Yup. I see where he's coming from now.

(2) The problem with sending a Yankee into the South is that they've all internalized 1958 and Gone With the Wind. Of course "the Masters" refers to chattel slavery, and, ok, sure, they have black members, and Tiger Woods plays there, but MARK MY WORDS! They're trying to re-launch the Civil War!!

(3) How do we know what caused Tiger Woods's father to impregnate Tiger Woods's mom, and:

(a) Why do we care?

(b) Is it even our damned business?

(4) "Toon-a-mint": Because remember, it is wrong wrong WRONG to make fun of blacks, Asians, and Hispanics for linguistic problems with English, but man-oh-man, there is nothing so much fun as making fun of those Southern Bwahs when they speak, is there?

Oh, and moron: In Augusta, they say "Tuhn-ah-ment." At least get your mockery down right, jackass.

(5) Actually, idiot, chaos theory does not mean "[t]here is no barring life, segregating it, no stopping it for long." It means, in one respect (I'm keeping this simple just for you, Ralphie), that even within apparently random event sequences, there is a pattern. It means that small permutations can geometrically build to larger ones. It is the proverbial butterfly in Beijing causing storm cycle changes in Brooklyn. There's much more to it than that, of course, but I figure that sentence probably destroyed your prefrontal lobe, so I'm not going any farther.

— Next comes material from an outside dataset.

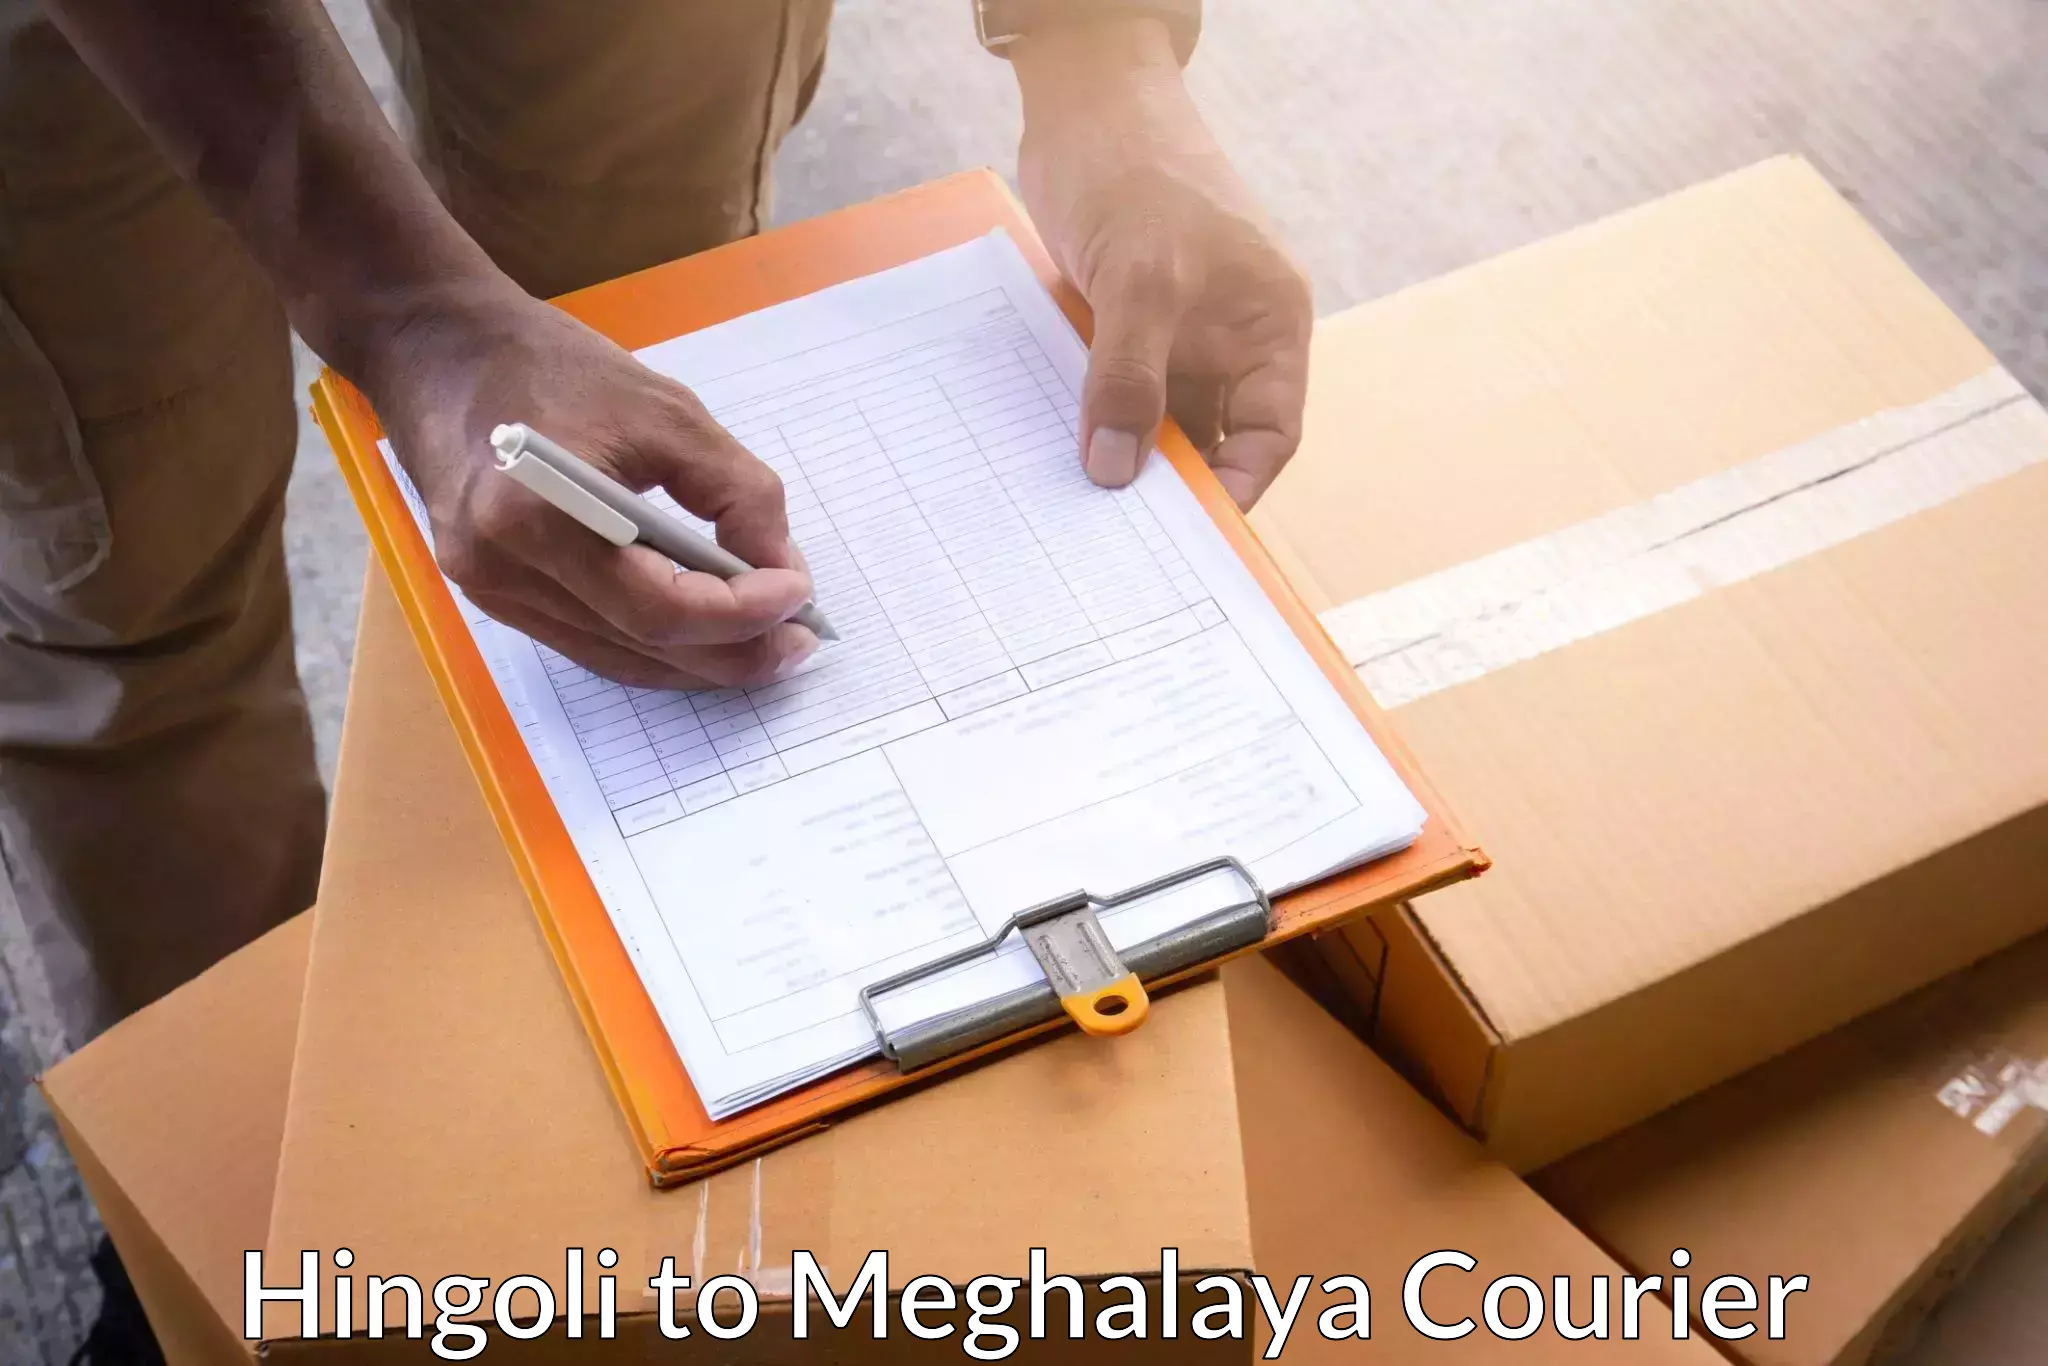 Customer-focused courier Hingoli to Nongstoin

(Here's a good primer on the subject. Learn to read, then browse it.)

(6) I'd like to tackle one more bit of idiocy:

It seemed delusional, as homo sapiens, as mammals, to think you could segregate yourself from that from which you come. Consider the source of our comfort and desire.

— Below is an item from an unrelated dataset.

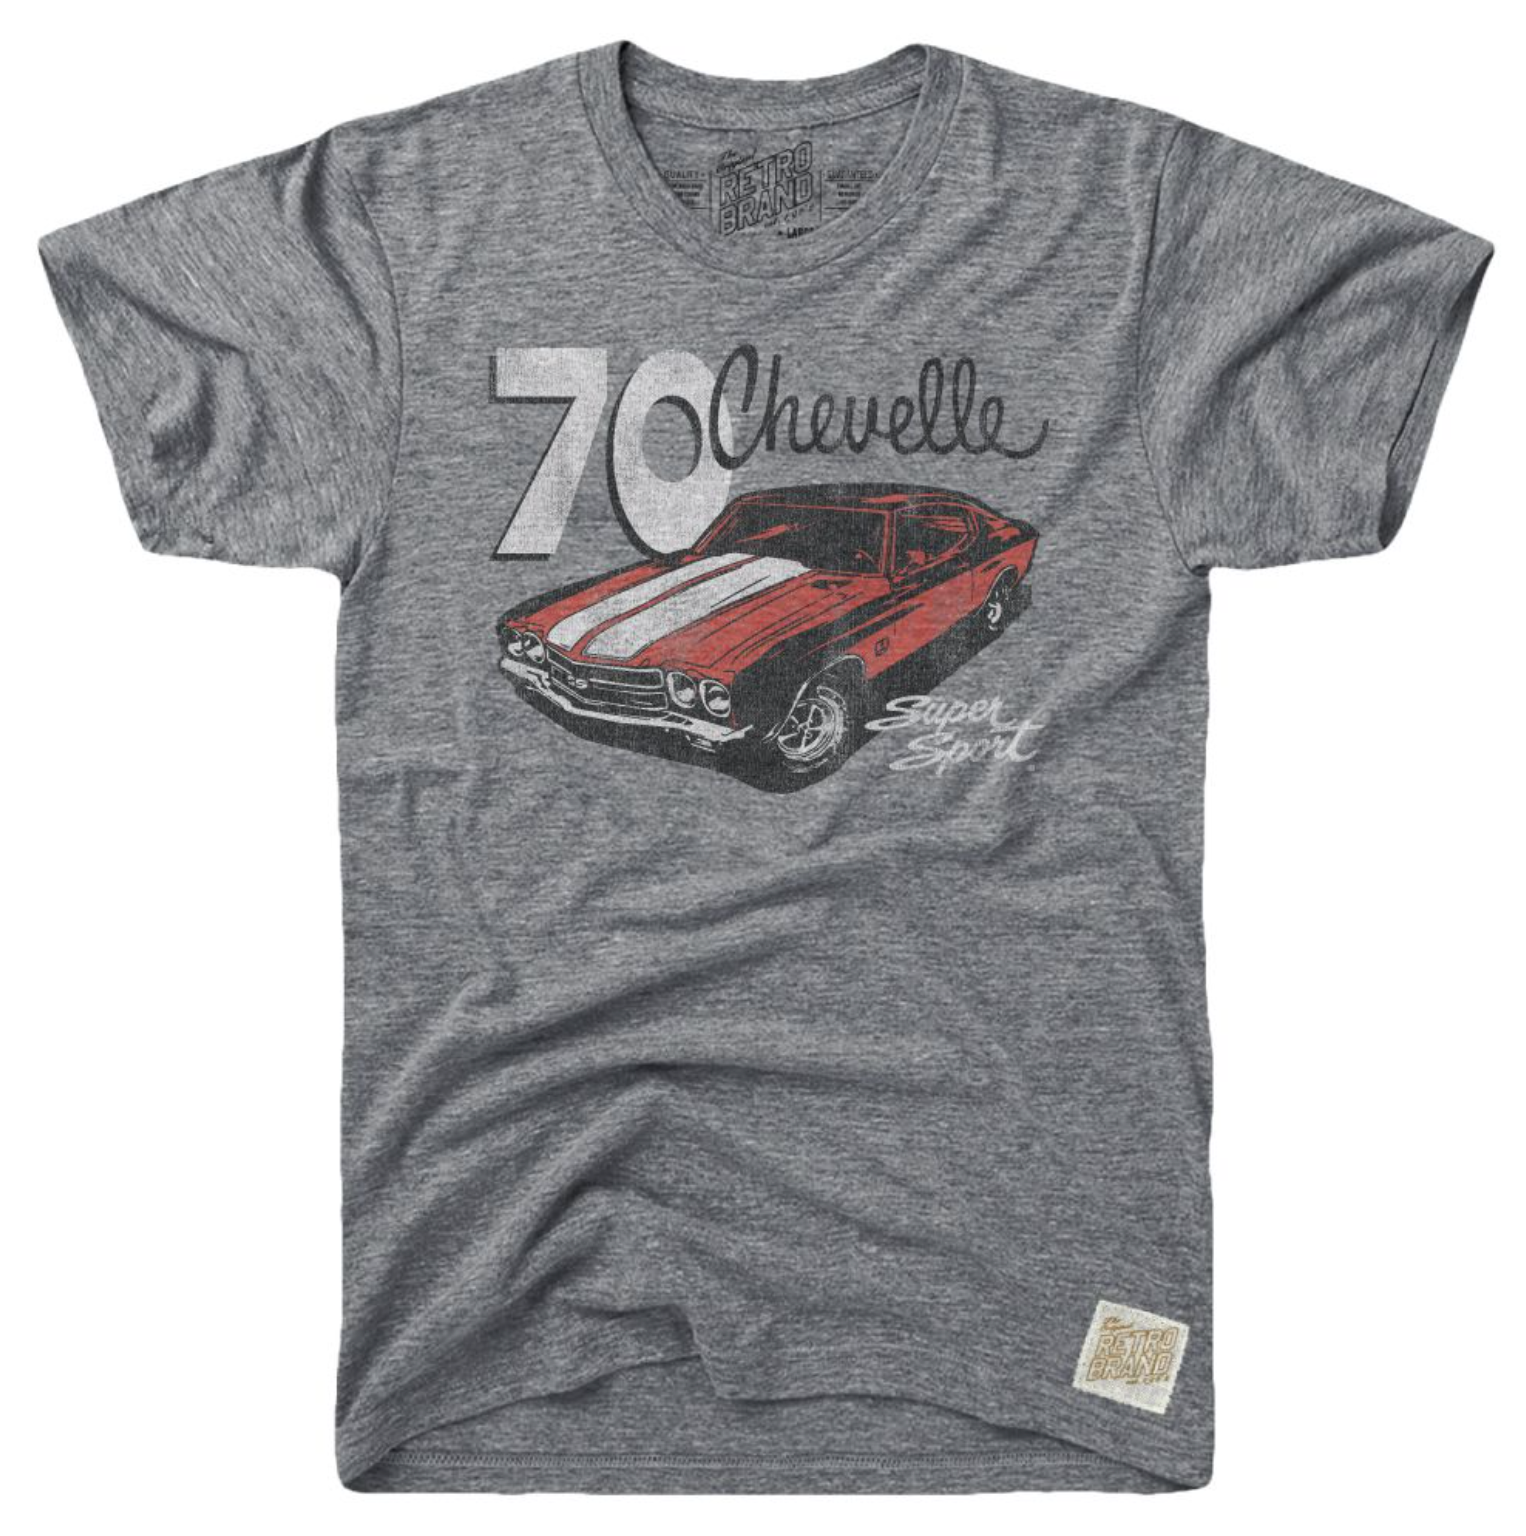 Red 70 Chevelle Super Sport SS (with white hood stripes) on grey tri-blend tee

You see? You don't? Well, I'll keep trying. Roll over and ask your significant other, "Honey, what do you think about women as members of Augusta National Golf Club?"

Notice how she replies. Does her reply reflect total honesty, what she really thinks, or how she knows she has to handle you on this subject? It's a loaded question. It goes beyond Augusta National. Should a woman be free, is what you're asking. Even the ones who say they don't care -- it's just tactical, whether they are actually aware of it being tactical or not. They are saying that to continue to survive in the manner to which they have become accustomed. As one long-time black Augusta caddy who's worked with Gary Player among others told me, "I try not to make enemies out of rich folks." Note that he didn't say white folks, or menfolks, or Republicans. He said rich folks.
(a) As a homo sapien, does it make sense to cut yourself off from the dirt out of which the basic components of your existence come? If not, then why are you wearing shoes? Working in an office?

(b) Wow, false consciousness theory. I thought that went the way of Bill and Hill. So a woman can't honestly believe -- to her core -- that sometimes men need their own space, and women do, too?

Deep.

Moron.

(c) I asked my wife about Augusta. She said it's wrong to have a men-only policy, morally, and, perhaps, legally. I told her she was full of [it]. I asked her if she'd mind if high school boys got to hang out in women's locker rooms. That's different. If women should be forced to have male ob/gyns, because after all, men and women should be forced to mingle, right?

She, of course, God bless her, punched me in the gut.

Doesn't make her any more right, nor does it mean that her belief in single-sex locker rooms or having the choice of same-sex doctors are signs of false consciousness.

So, to summarize: The point of the article is that a bunch o' hillbilly rich boys are keepin' the womenfolk out 'cuz they're stoopid, talk funny, and are disconnected from reality; they're probably all racists, even the black ones; they're definitely misogynists; they're on the wrong side of History; and any women who disagree aren't women after all.

Took ol' Ralph 2,000 words to recycle typical left-wing garbage. Took me 58. But that's because I'm a racist, misogynist homophobe, I guess.

Moron.

(Via Jimmy, who I think still has that burning desire to tell the world off.)